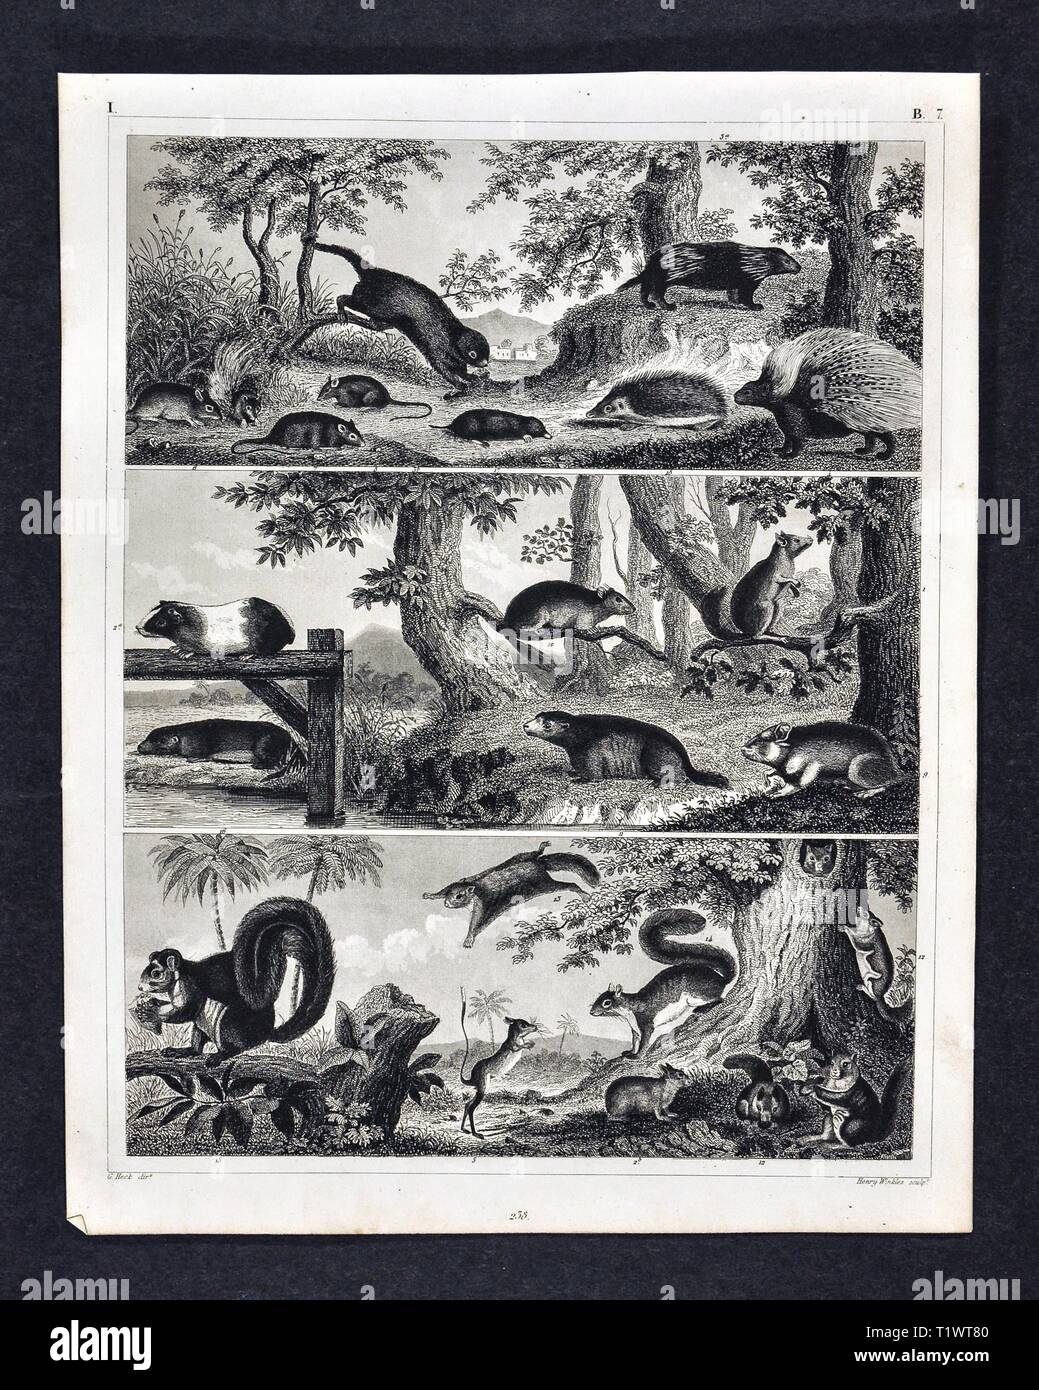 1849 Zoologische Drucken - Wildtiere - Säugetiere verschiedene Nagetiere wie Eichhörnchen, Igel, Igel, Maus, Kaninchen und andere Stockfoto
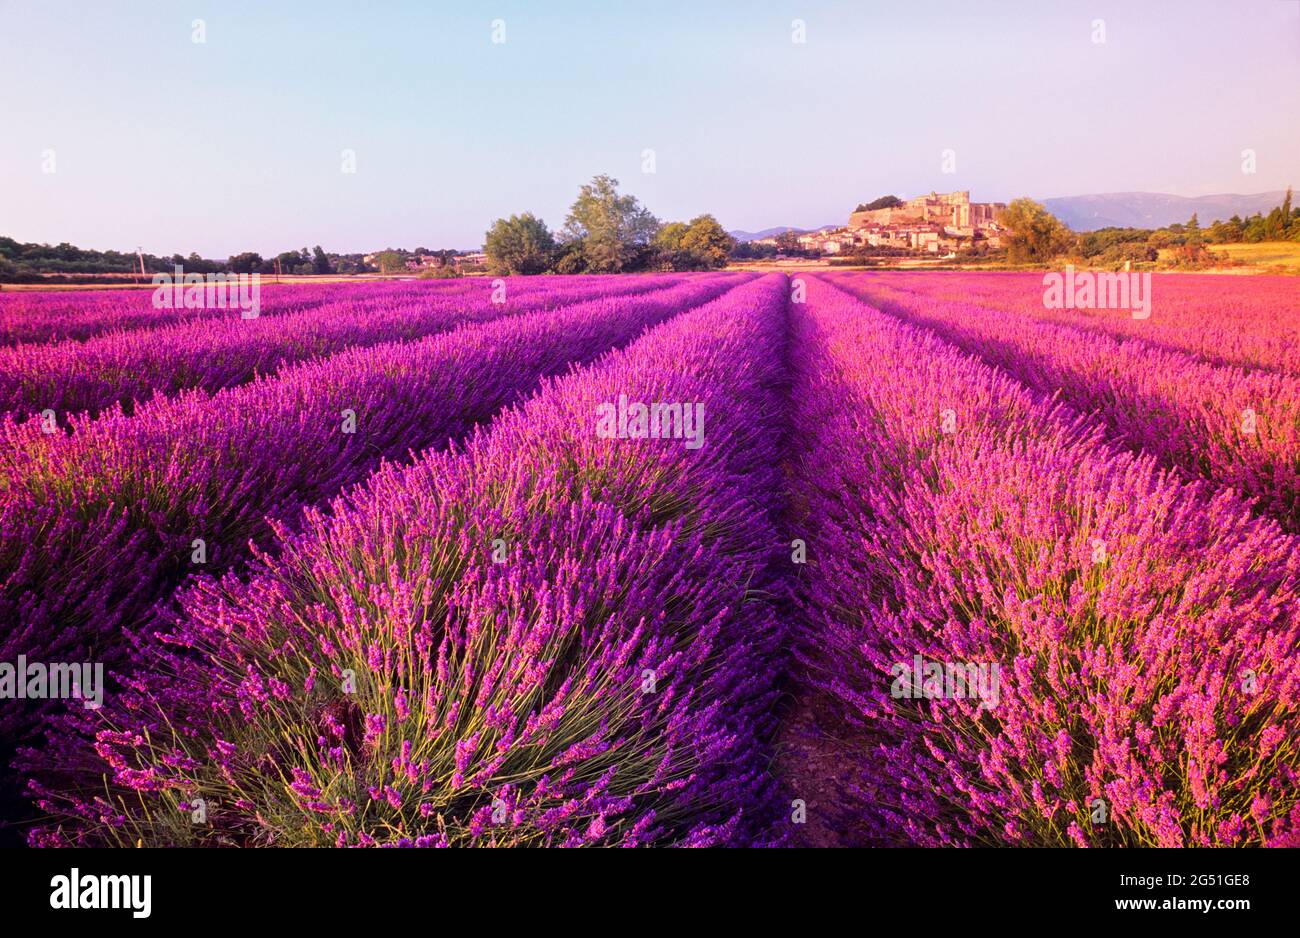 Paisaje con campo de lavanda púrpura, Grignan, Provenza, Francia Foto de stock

_____

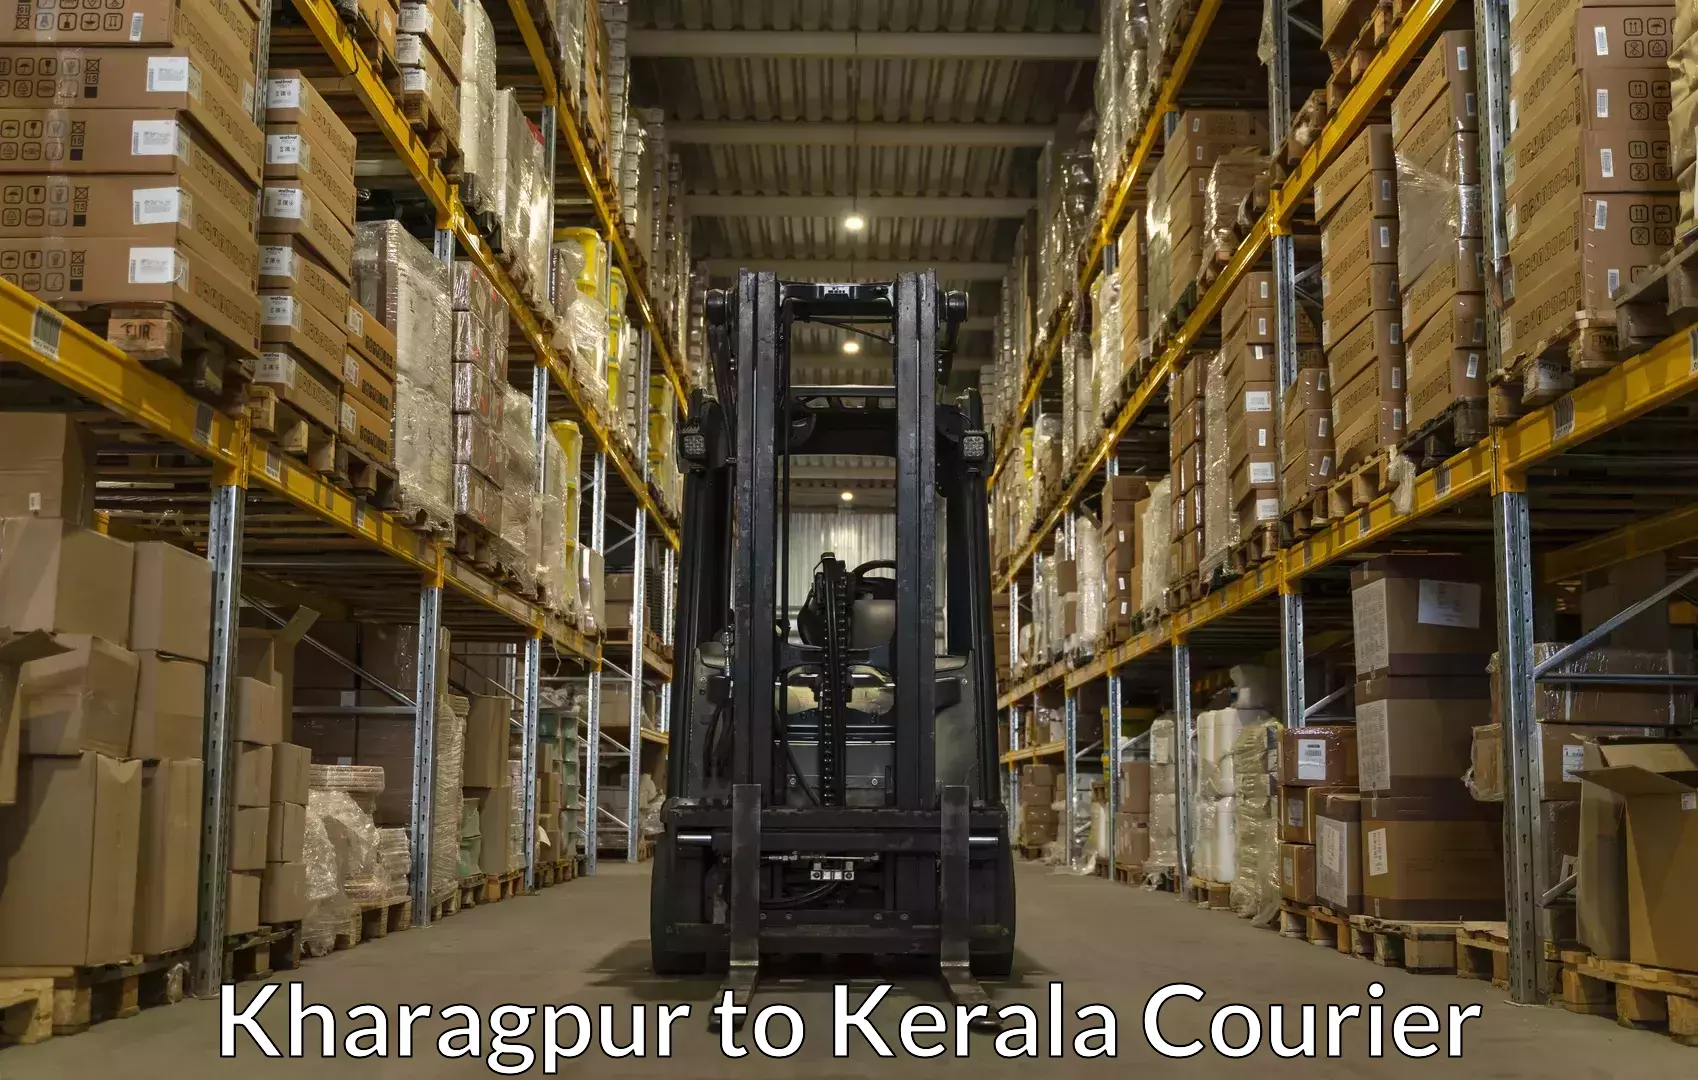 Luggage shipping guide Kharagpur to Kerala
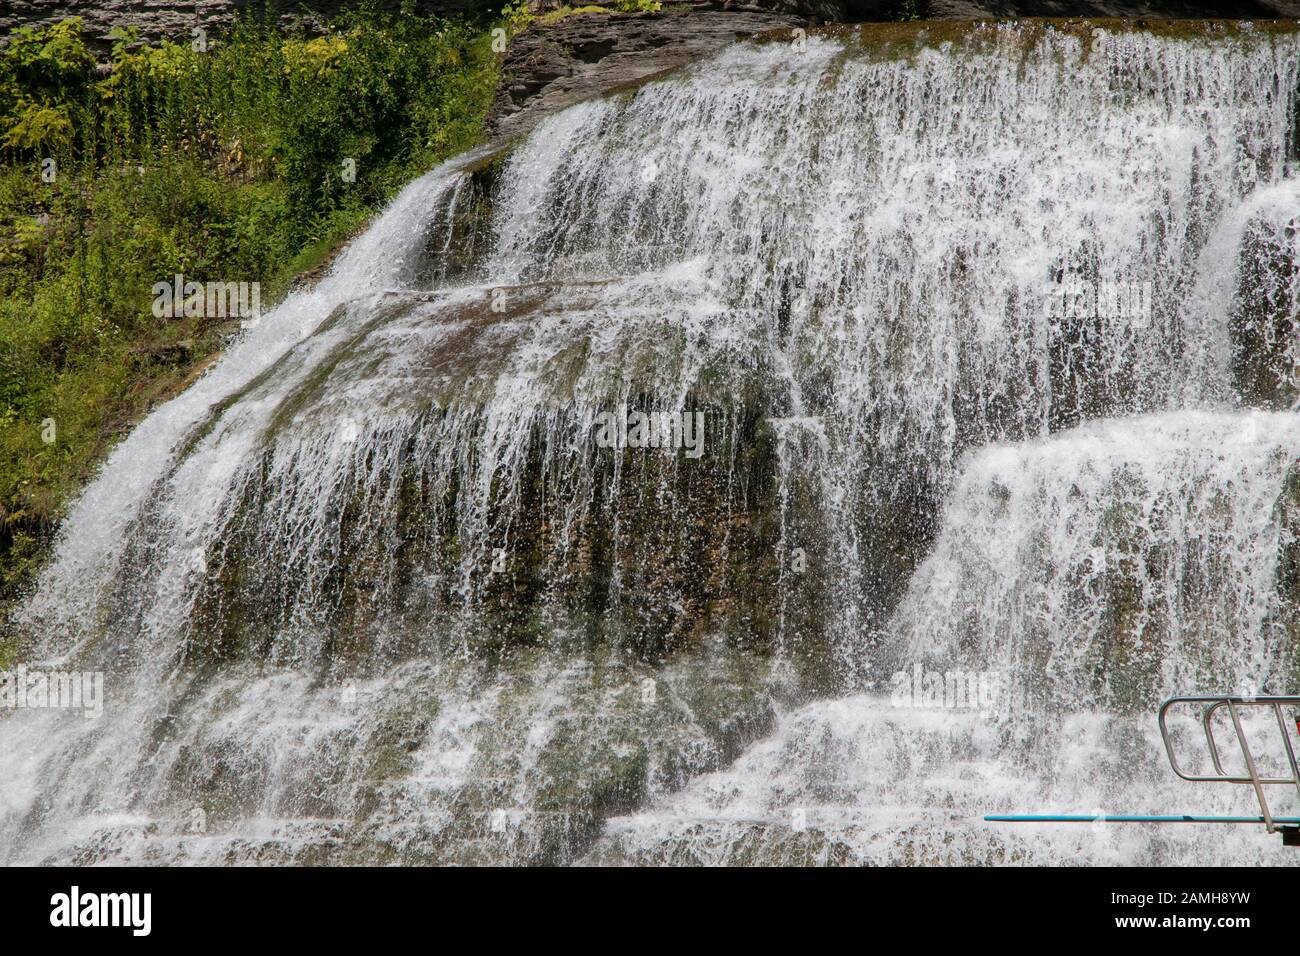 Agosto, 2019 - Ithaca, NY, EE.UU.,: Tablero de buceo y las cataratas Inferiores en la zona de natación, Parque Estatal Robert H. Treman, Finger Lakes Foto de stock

_____

▶ **Exercise aim**
Copy the lines above between the one holding "Luggage shipping guide Kharagpur to Kerala" and the one holding "Agosto, 2019 - Ithaca, NY, EE.UU.,: Tablero", inclusive. Drop the pictures.

▶ **Result of this exercise**
 Luggage shipping guide Kharagpur to Kerala
 Agosto, 2019 - Ithaca, NY, EE.UU.,: Tablero de buceo y las cataratas Inferiores en la zona de natación, Parque Estatal Robert H. Treman, Finger Lakes Foto de stock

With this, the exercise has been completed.